Protein interaction network Nodes examined Mean degree Median degree Degree standard deviation Degree skewness Degree kurtosis Max degree
full PIN -spoke all 14.2 4 28.9 6.6 86.1 789
  drug targets in full PIN 22.5 8 44.8 6.8 84.2 789
  non-drug targets in full PIN 13.5 4 27.1 6.0 66.5 615
drug target subnetwork -spoke   1.7 1 44.7 3.2 15.8 23
non-drug target subnetwork -spoke   12.7 4 26.3 6.8 90.3 709
BioGRID only –spoke all 7.5 3 13.5 7.9 133.0 395
  drug targets in BioGRID only 9.0 3 18.6 5.5 41.3 203
Rual + Stelzl papers only -spoke all 4.3 2 8.8 7.5 81.6 158
  drug targets in Rual + Stelzl only 3.7 2 5.5 6.0 54.7 60
Rual paper only –spoke all 3.8 2 8.4 9.4 127.5 158
  drug targets in Rual only 2.2 1 2.5 3.5 19.4 15
  1. Statistical descriptors of the degree distribution of 11 different PINs whose protein complexes have all been represented as spoke models (i.e. any N-ary data is included by a spoke-model representation). Drug targets have a higher degree on average, even though the standard deviations are equally higher.
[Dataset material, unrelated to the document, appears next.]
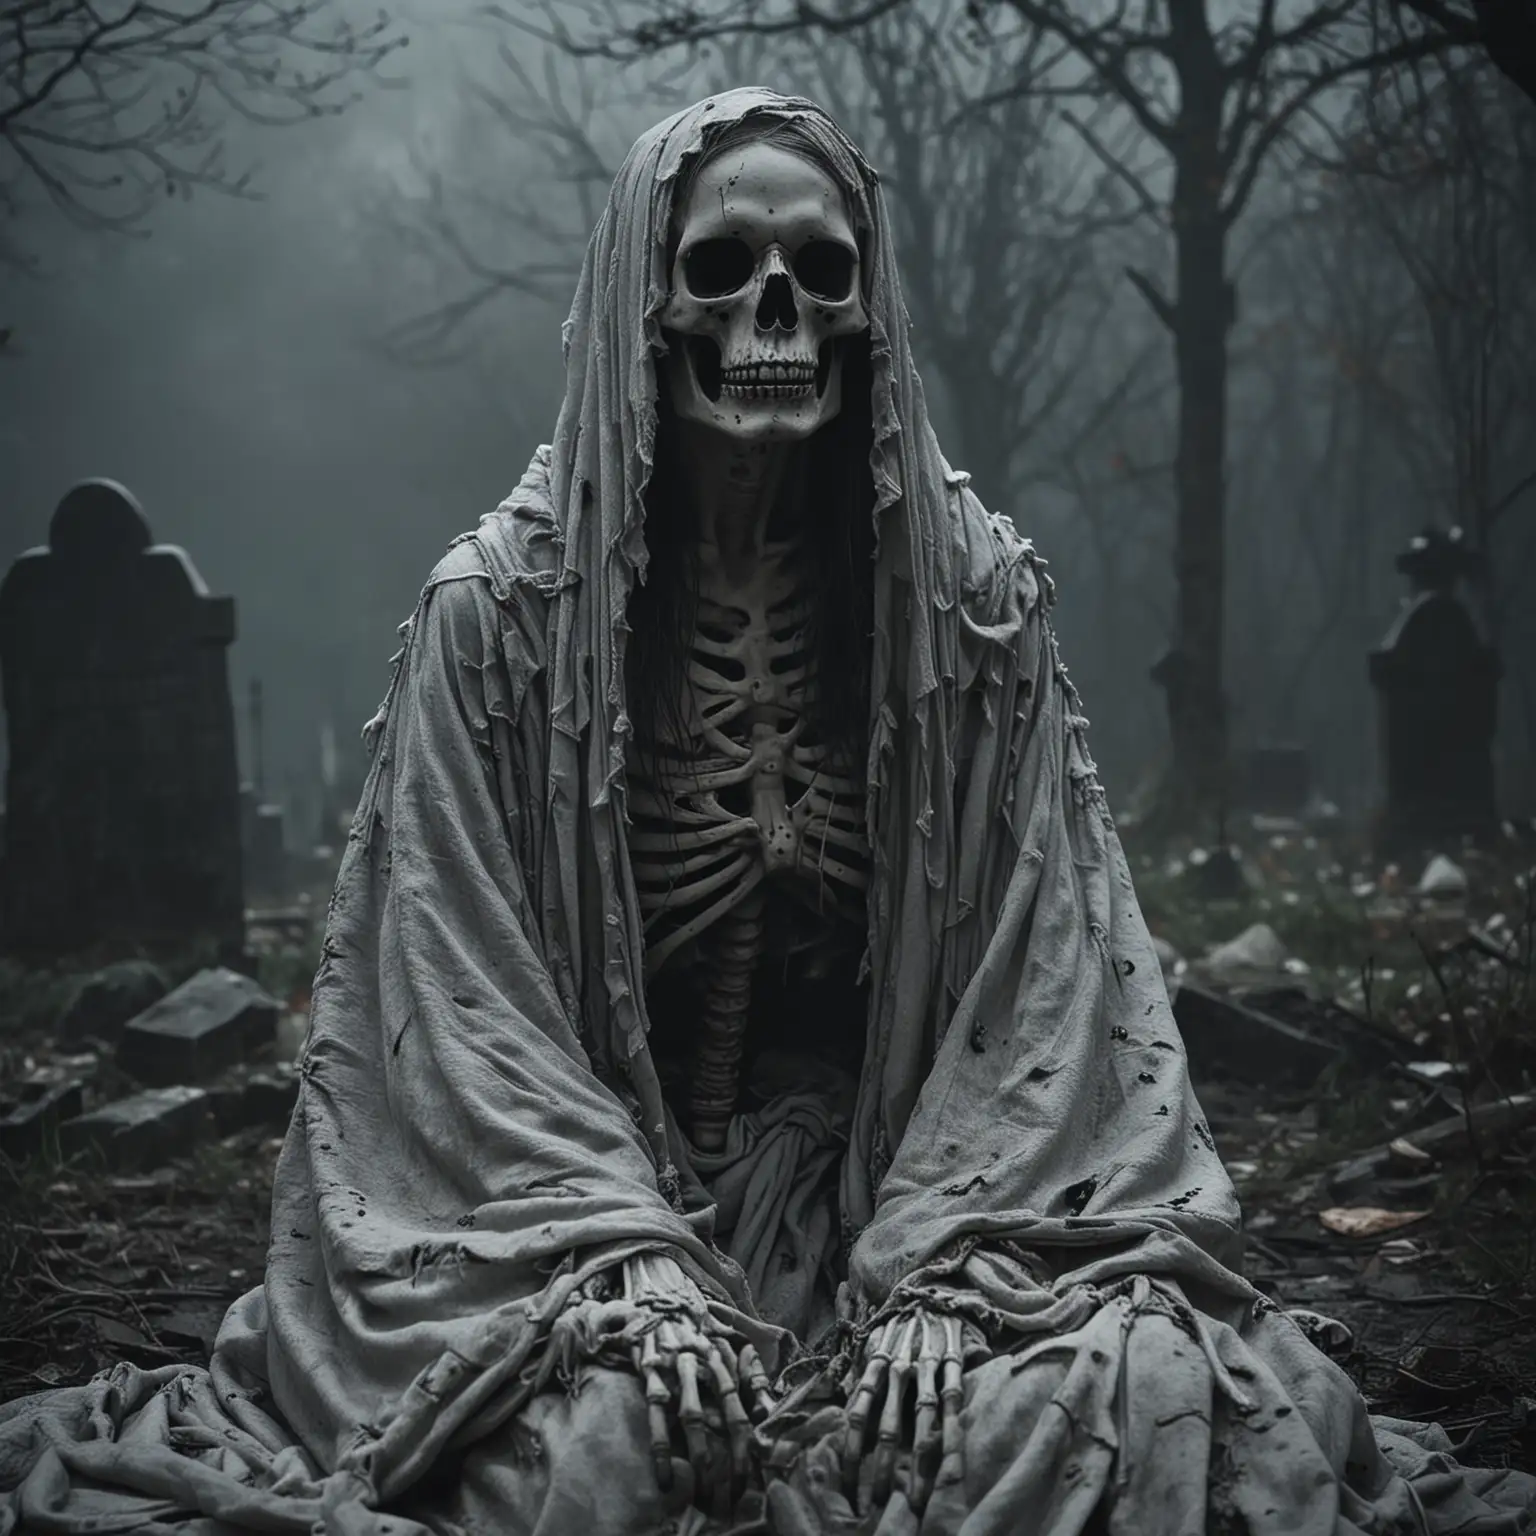 Horror, Gothic, skeleton, slain, torn robe, misty, grave, night, abandoned, creepy, dirty robe, close up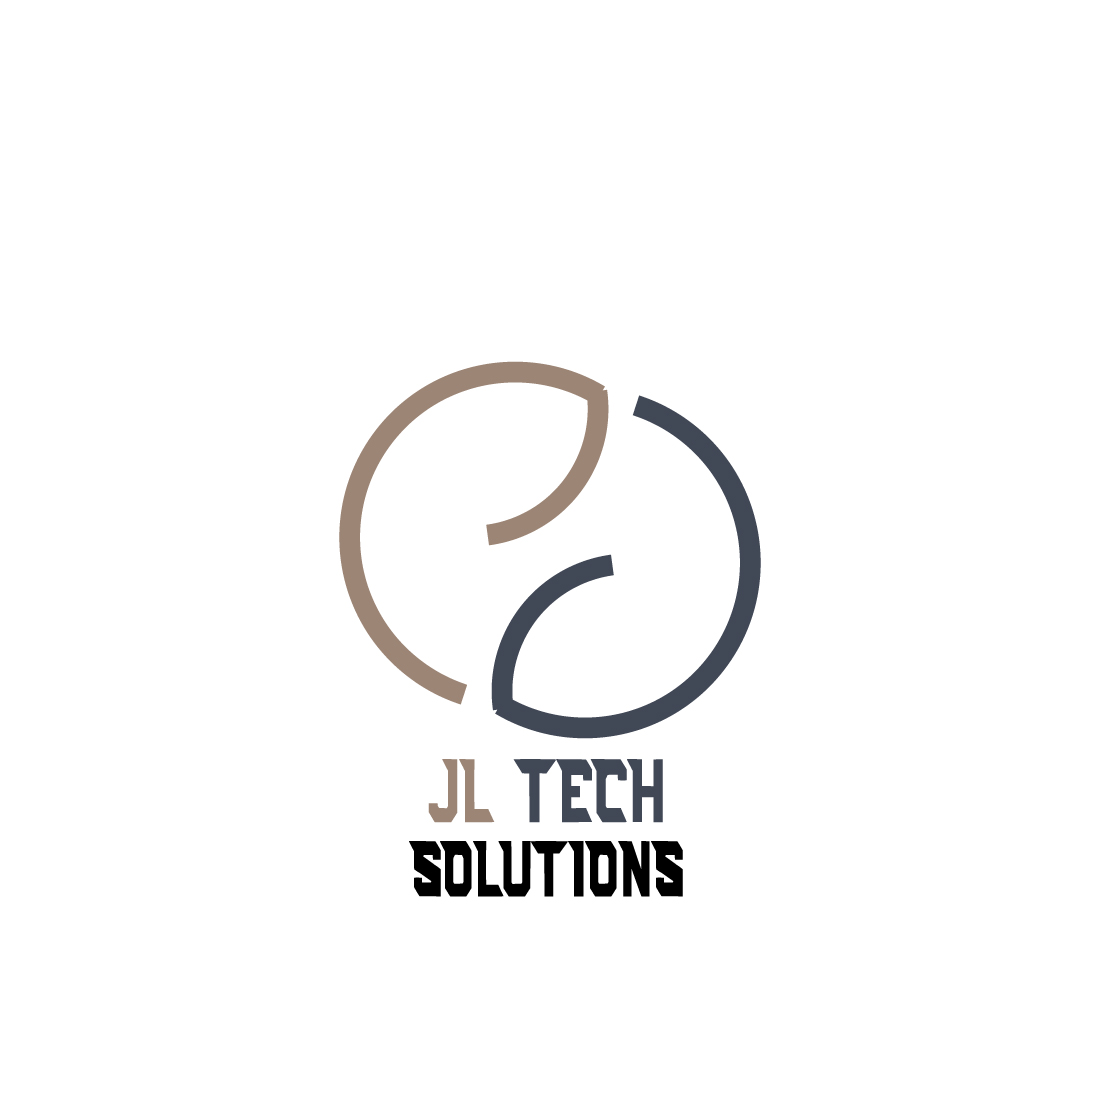 jl tech logo contest 2 454

Degree distribution of drug targets are also more skewed and peaked than non-drug targets. This is different in distributions like the BioGRID database or the Rual and Stelzl papers, where the numerical values are not only significantly smaller but the conclusions might be even the contrary, such as drug targets having a lower degree for Rual and Stelzl. The values of the drug target subnetwork show that interactions between drug targets are scarce and, therefore, the average higher degree of drug targets represent interactions between drug targets and non-drug targets. BioGRID was used by [2], Rual+Stelzl was used by [1] and Rual-only was used by [18].